WORK ITEM. Could you repeat the whole listing below exactly, omitting any picture it holds?

(GIVEN INFORMATION Opens)

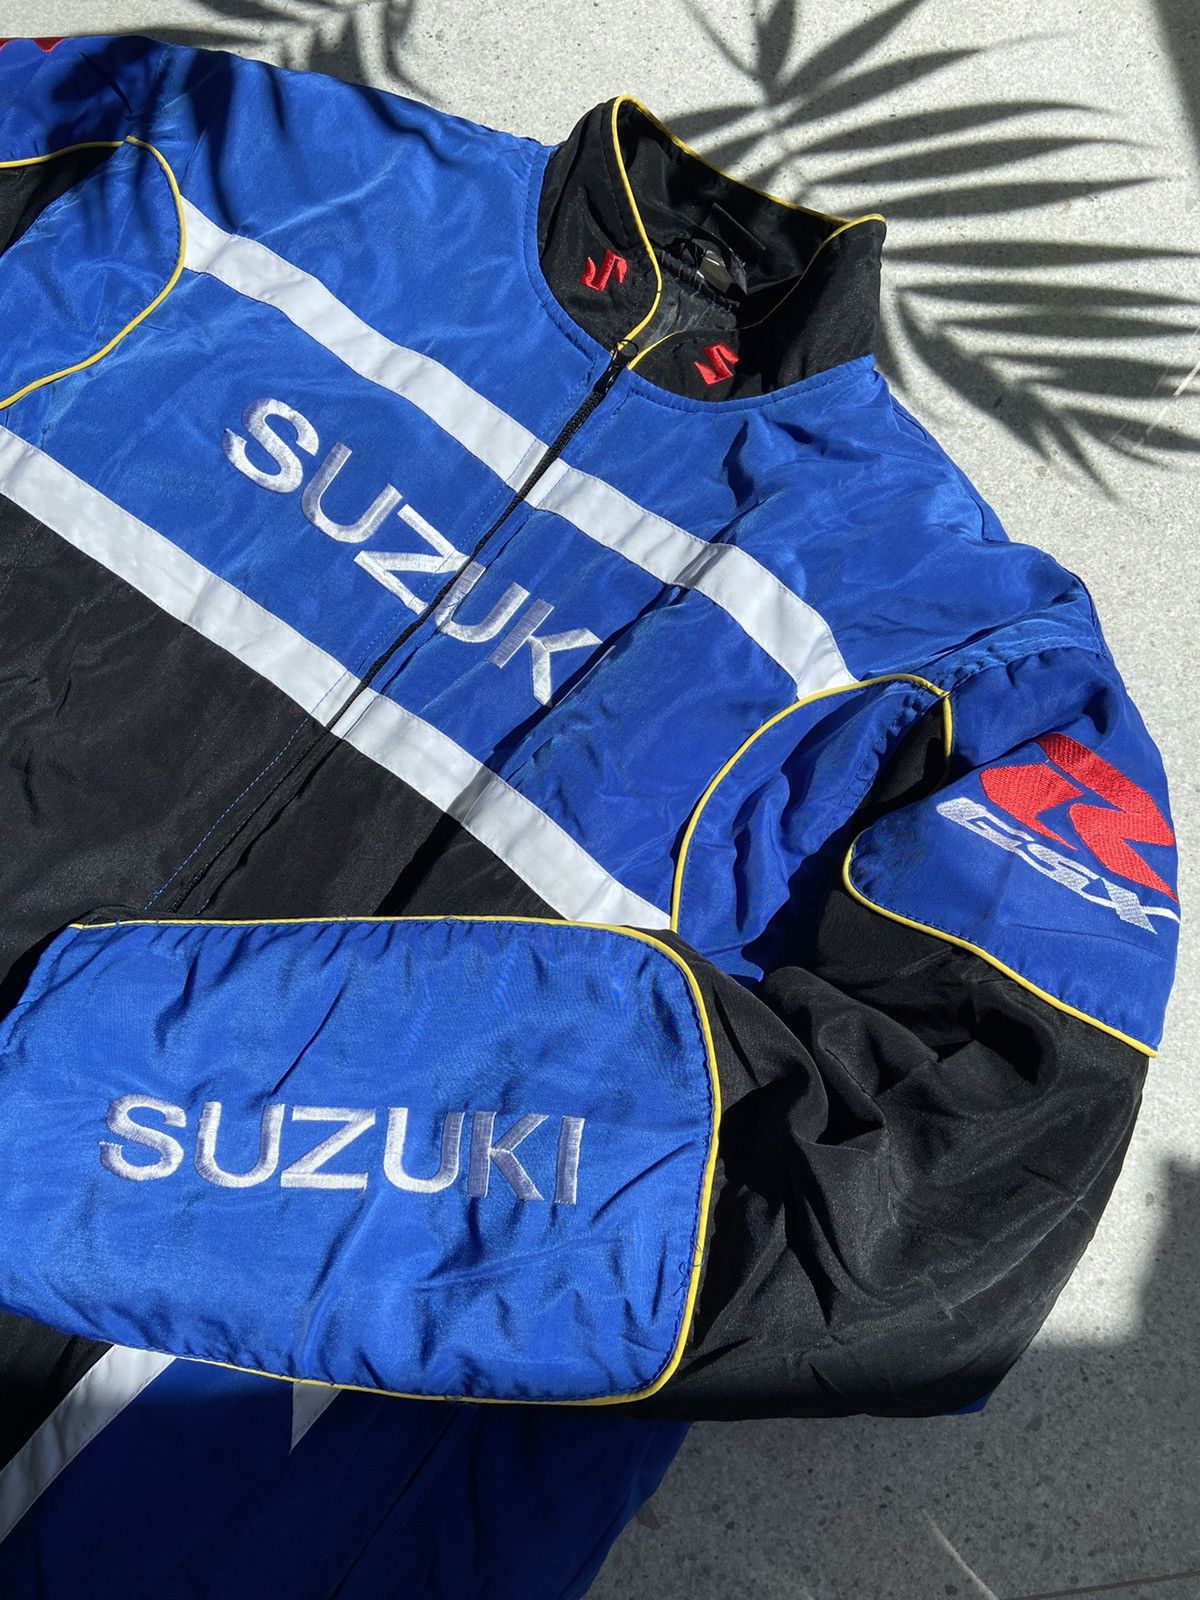 Pre-owned Racing Vintage Suzuki  Team Jacket In Blue
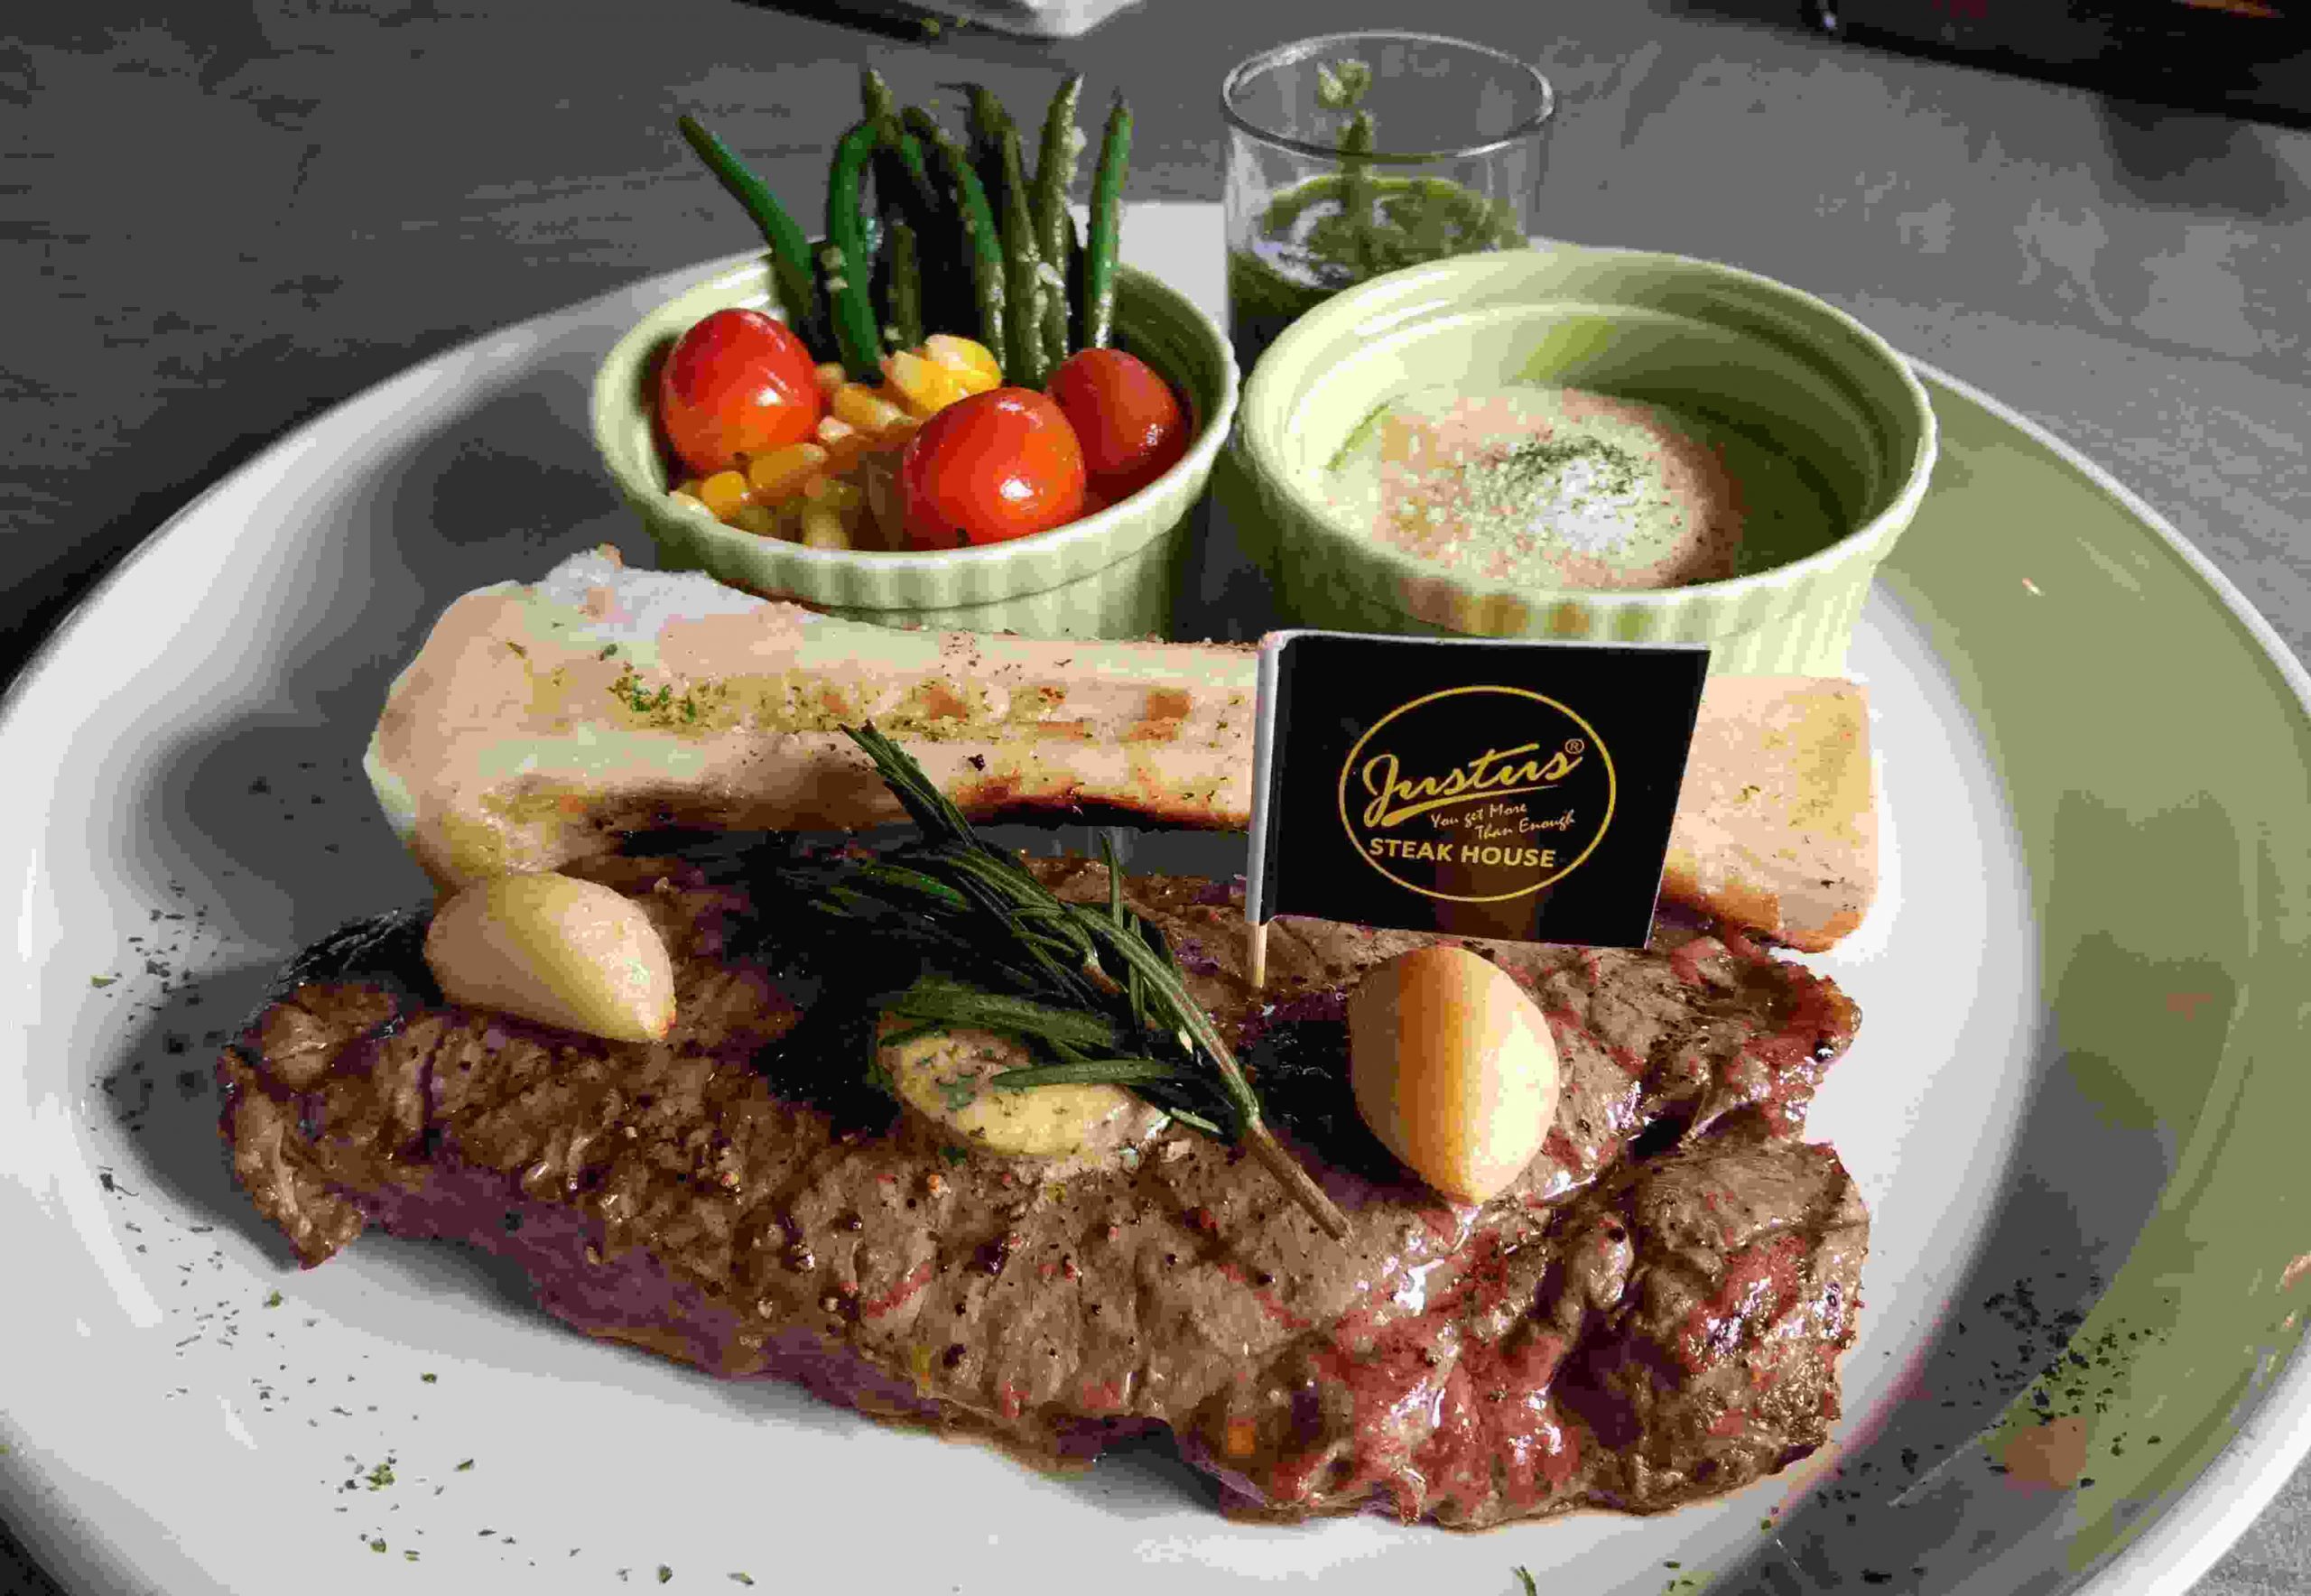 Hadir di Jakarta, Justus Steakhouse Tawarkan Daging Steak Premium
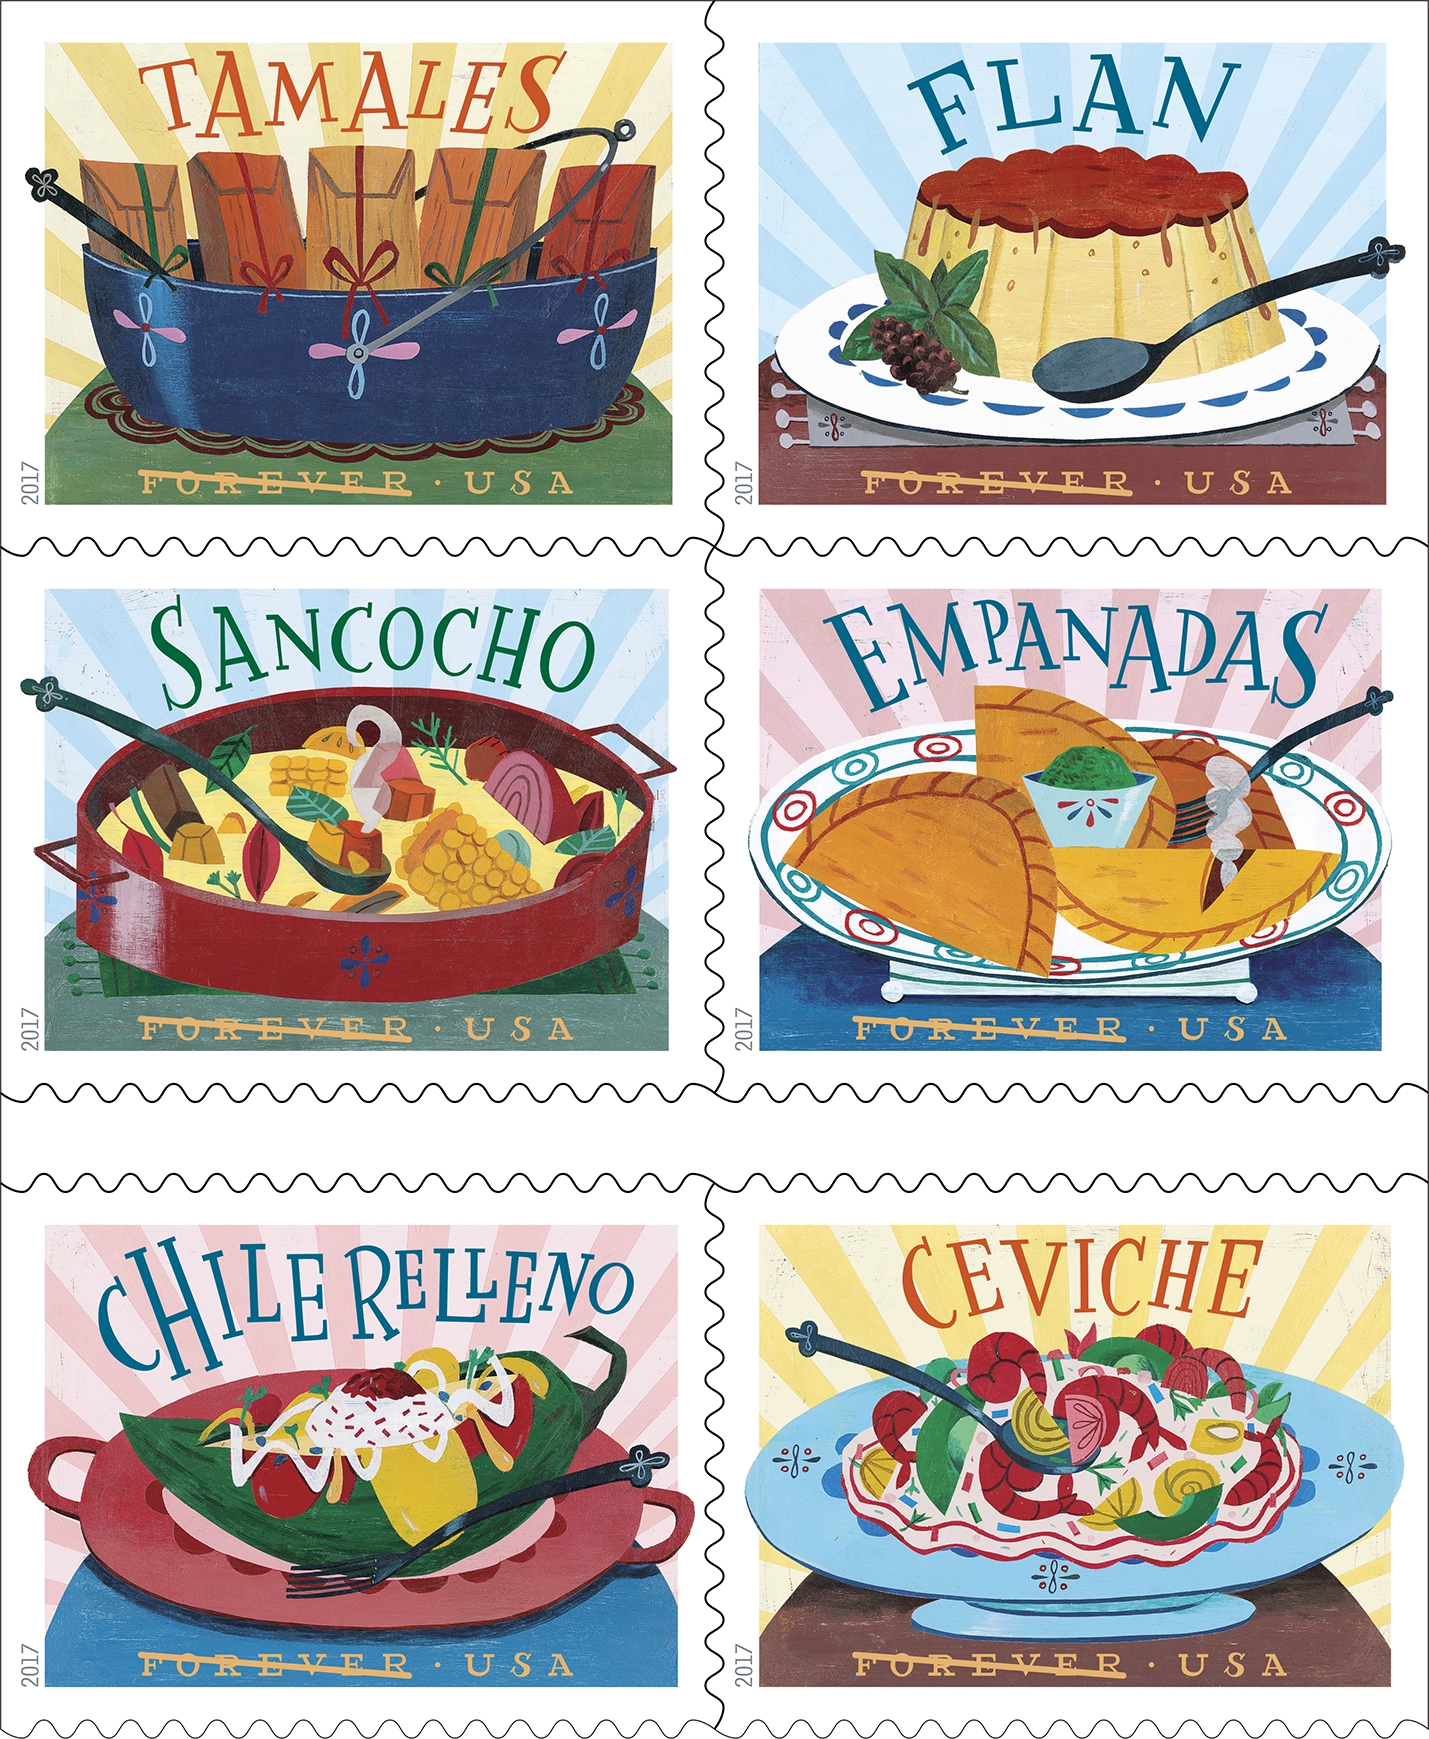 Delicioso stamps

(GIVEN INFORMATION Closes)

WRITTEN RESPONSE.
 Pre-owned Racing Vintage Suzuki  Team Jacket In Blue
 Hadir di Jakarta, Justus Steakhouse Tawarkan Daging Steak Premium
 Delicioso stamps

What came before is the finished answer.